If we take into account that almost half of 605 strategic missiles that we currently have in combat formation will be dismissed in the coming years, then the concern of the military and the country's leadership is understandable. Not only because we have to fulfill the Prague Treaty (START-3) with the USA, according to which we can (should), like the Americans, have 700 unrolled carriers and also 100 in warehouses. The question is sharper. With strategic missiles, we are a great country with which, whether one wants or does not want, we have to reckon. Without them - only a raw materials appendage. Whether the West, or the East.

But with the replacement of "Governor" ("Satan"), as well as "Weave", all is not well. In the leadership of the military-industrial complex, there is a struggle over which missiles to replace the outgoing P-36М2 and УР-100НУТТ - with liquid or solid-fuel ones. Behind each of these groupings are renowned design bureaus and many thousands of production teams that, in spite of everything, are still working. Although with a creak. "Liquid Man" proposes almost to revive the "Satan", they say, its first and second steps can be done again at the Dnepropetrovsk plant "Yuzhmash", where the P-36 was once made, and the rest of equipment: warheads, breeding systems, etc. - Russia.

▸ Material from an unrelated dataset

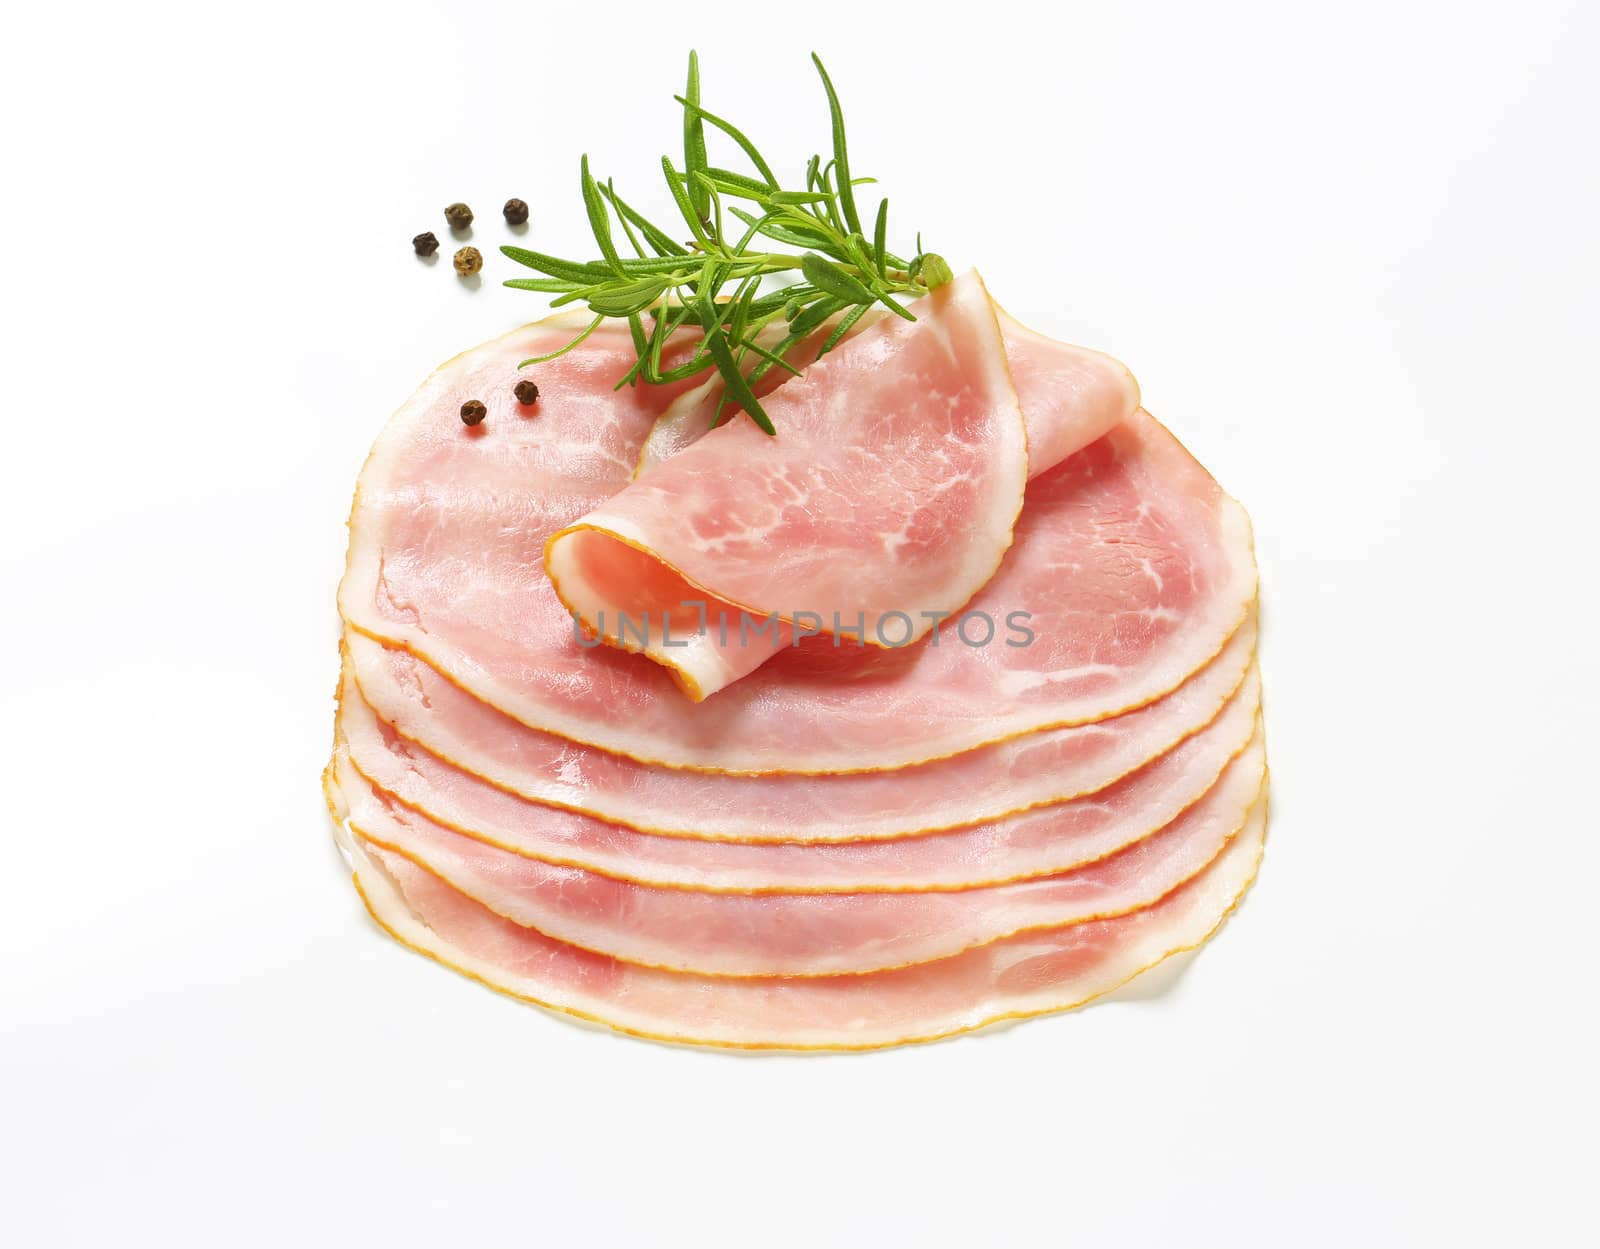 Thin slices of cooked ham on white background

True, the problem is that according to the Lisbon agreement of the beginning of the 90-s of the last century, signed by the USA, Russia, Ukraine, Kazakhstan and Belarus, none of these countries, except Russia and the USA, can make strategic nuclear missiles. And "Yuzhmash" - in the first place. To take and get out of this contract, as some suggest, is a very risky step. Whether Ukraine is ready for it is a big question. To transfer the creation of a heavy or medium ground-based liquid rocket to Russia - here too there are difficulties of which we must speak separately. So says the former general designer of the UR-100NUTTH, the winner of the Lenin and State Prizes Herbert Efremov.

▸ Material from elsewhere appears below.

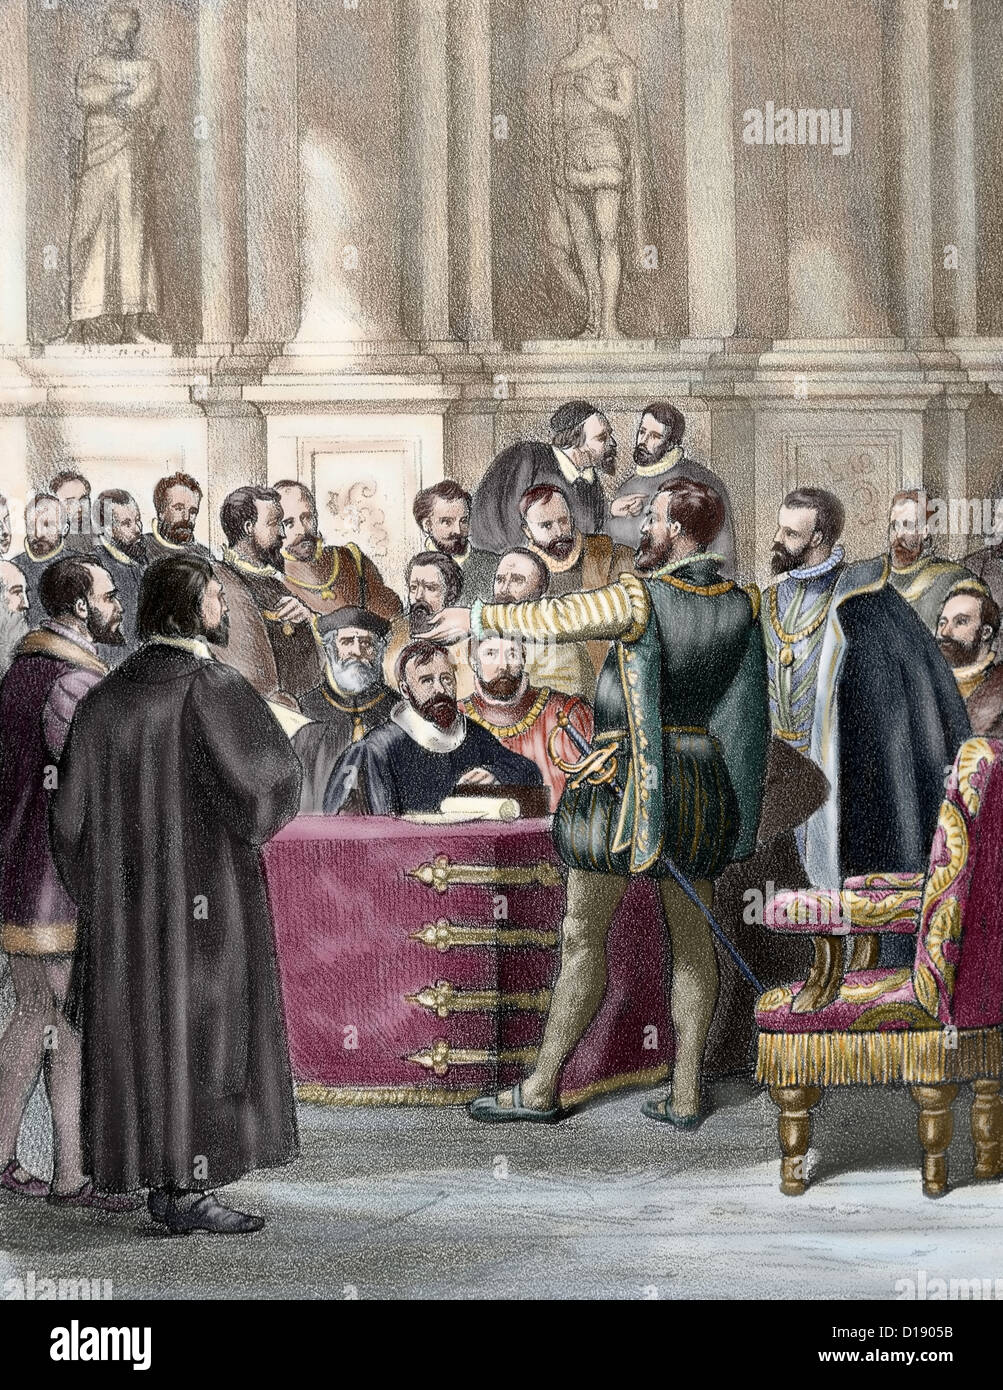 The Diet of Worms, 1521. The Emperor Charles V presiding. Colored engraving. Stock Photo

Russia also has multi-headed solid-fuel missiles, besides the long-suffering marine RSM-56 “Bulava”, which has not yet flown in any way, the PC-24 ground-based missile system, which took up combat duty in December last year. There are also one-piece mine and soil rocket complexes RT-2PM Topol-M (SS-27). Their current date is 67. But these missiles are still unable to solve the problems of the Prague Treaty, and the guaranteed security of Russia.

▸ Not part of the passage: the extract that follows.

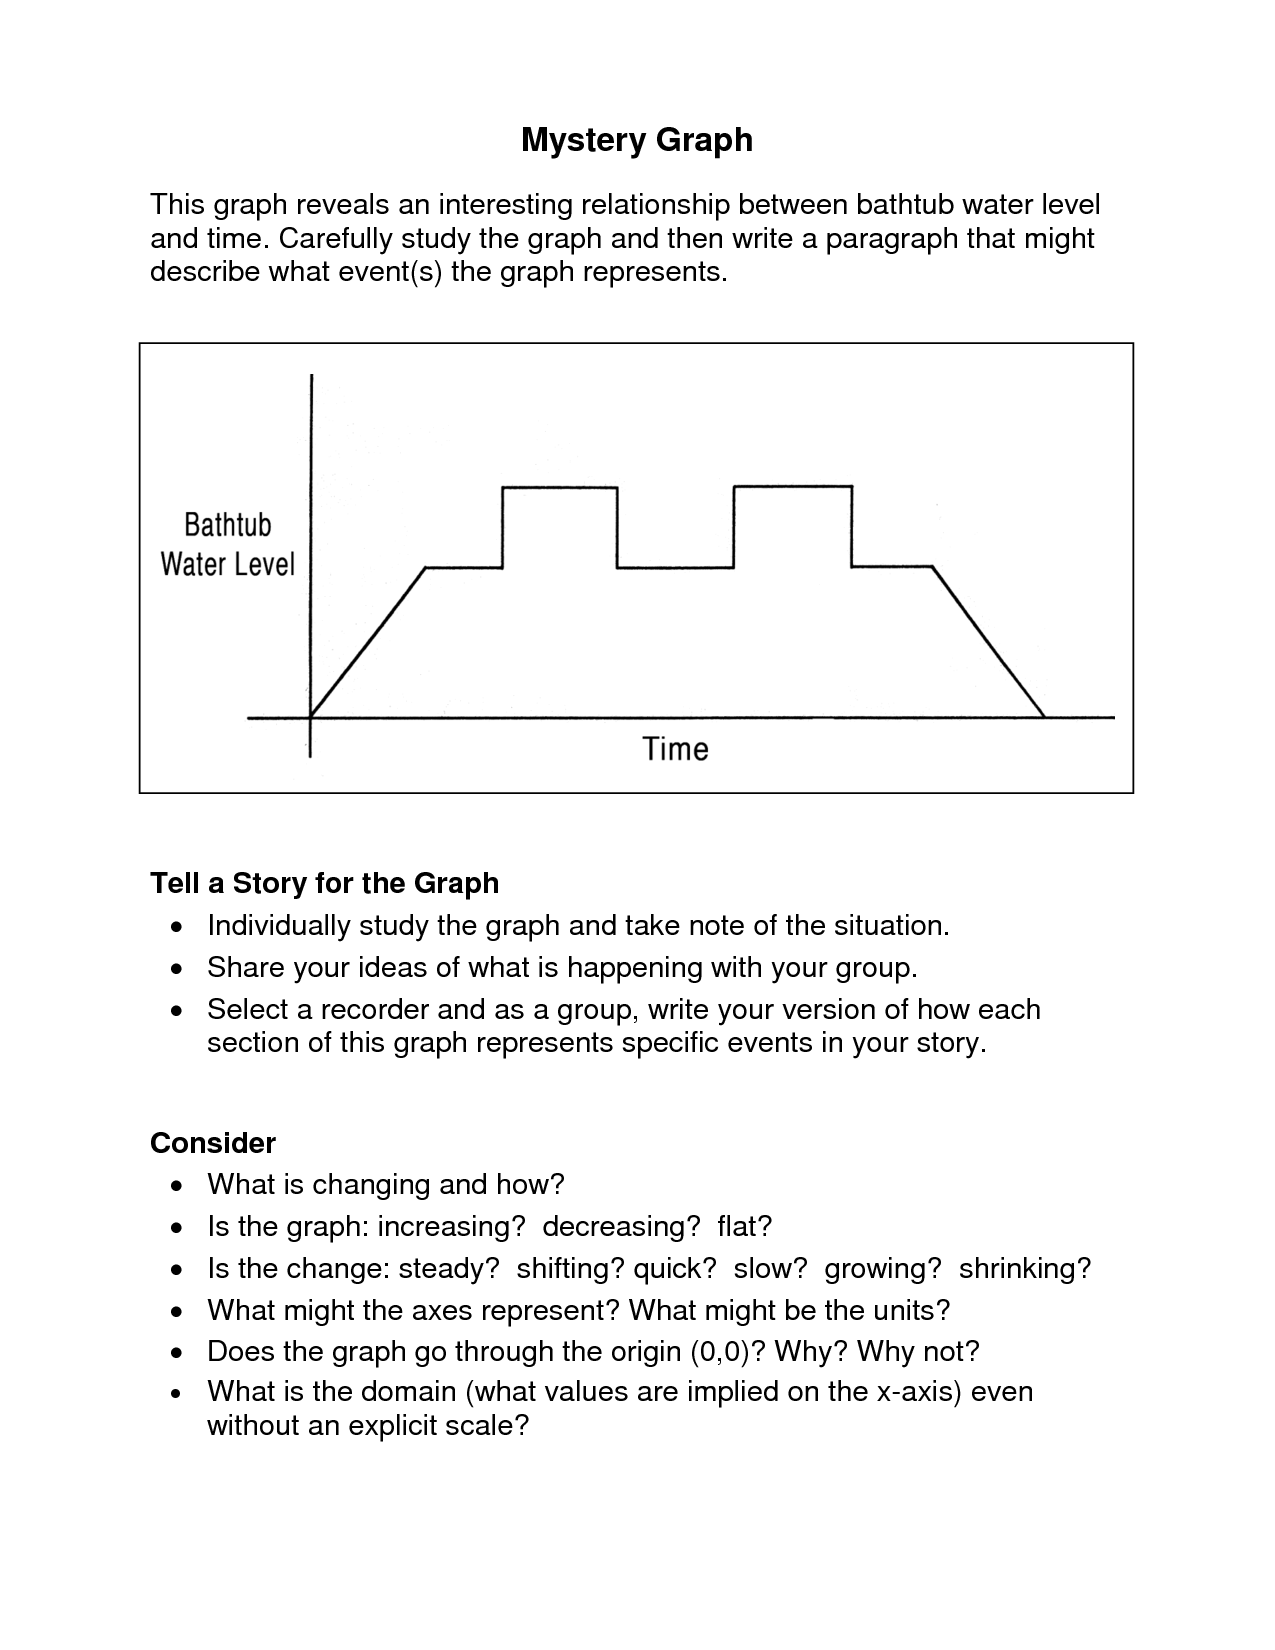 11-best-images-of-holiday-graph-art-worksheets-creating-bar-graphs-worksheets-mystery-grid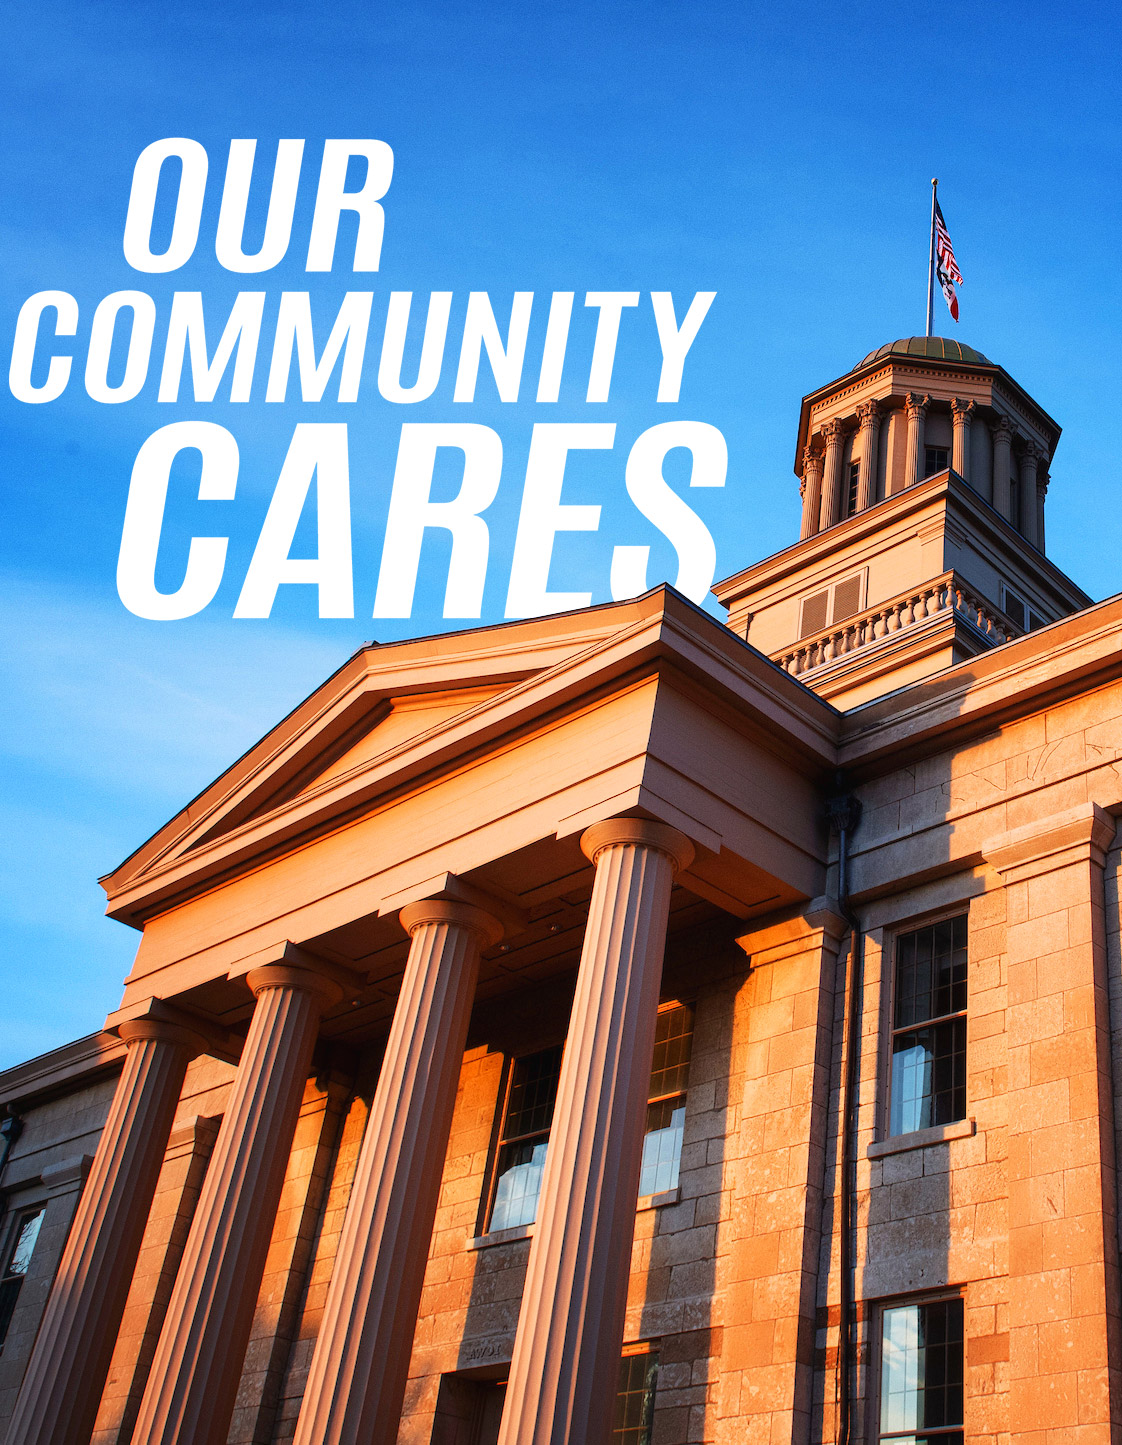 Contains the text "Our Community Cares" in front of the Old Capitol at sunset

19 trillion rubles, which the budget allocates for the 2011 – 2020 State Armaments Program, it is important to spend so that all the problems mentioned by Colonel General Victor Esin and Academician of the Academy of Military Sciences Herbert Efremov are resolved. Whether this will turn out for the military and political leadership of the country, as well as for our designers and production workers, is a big question.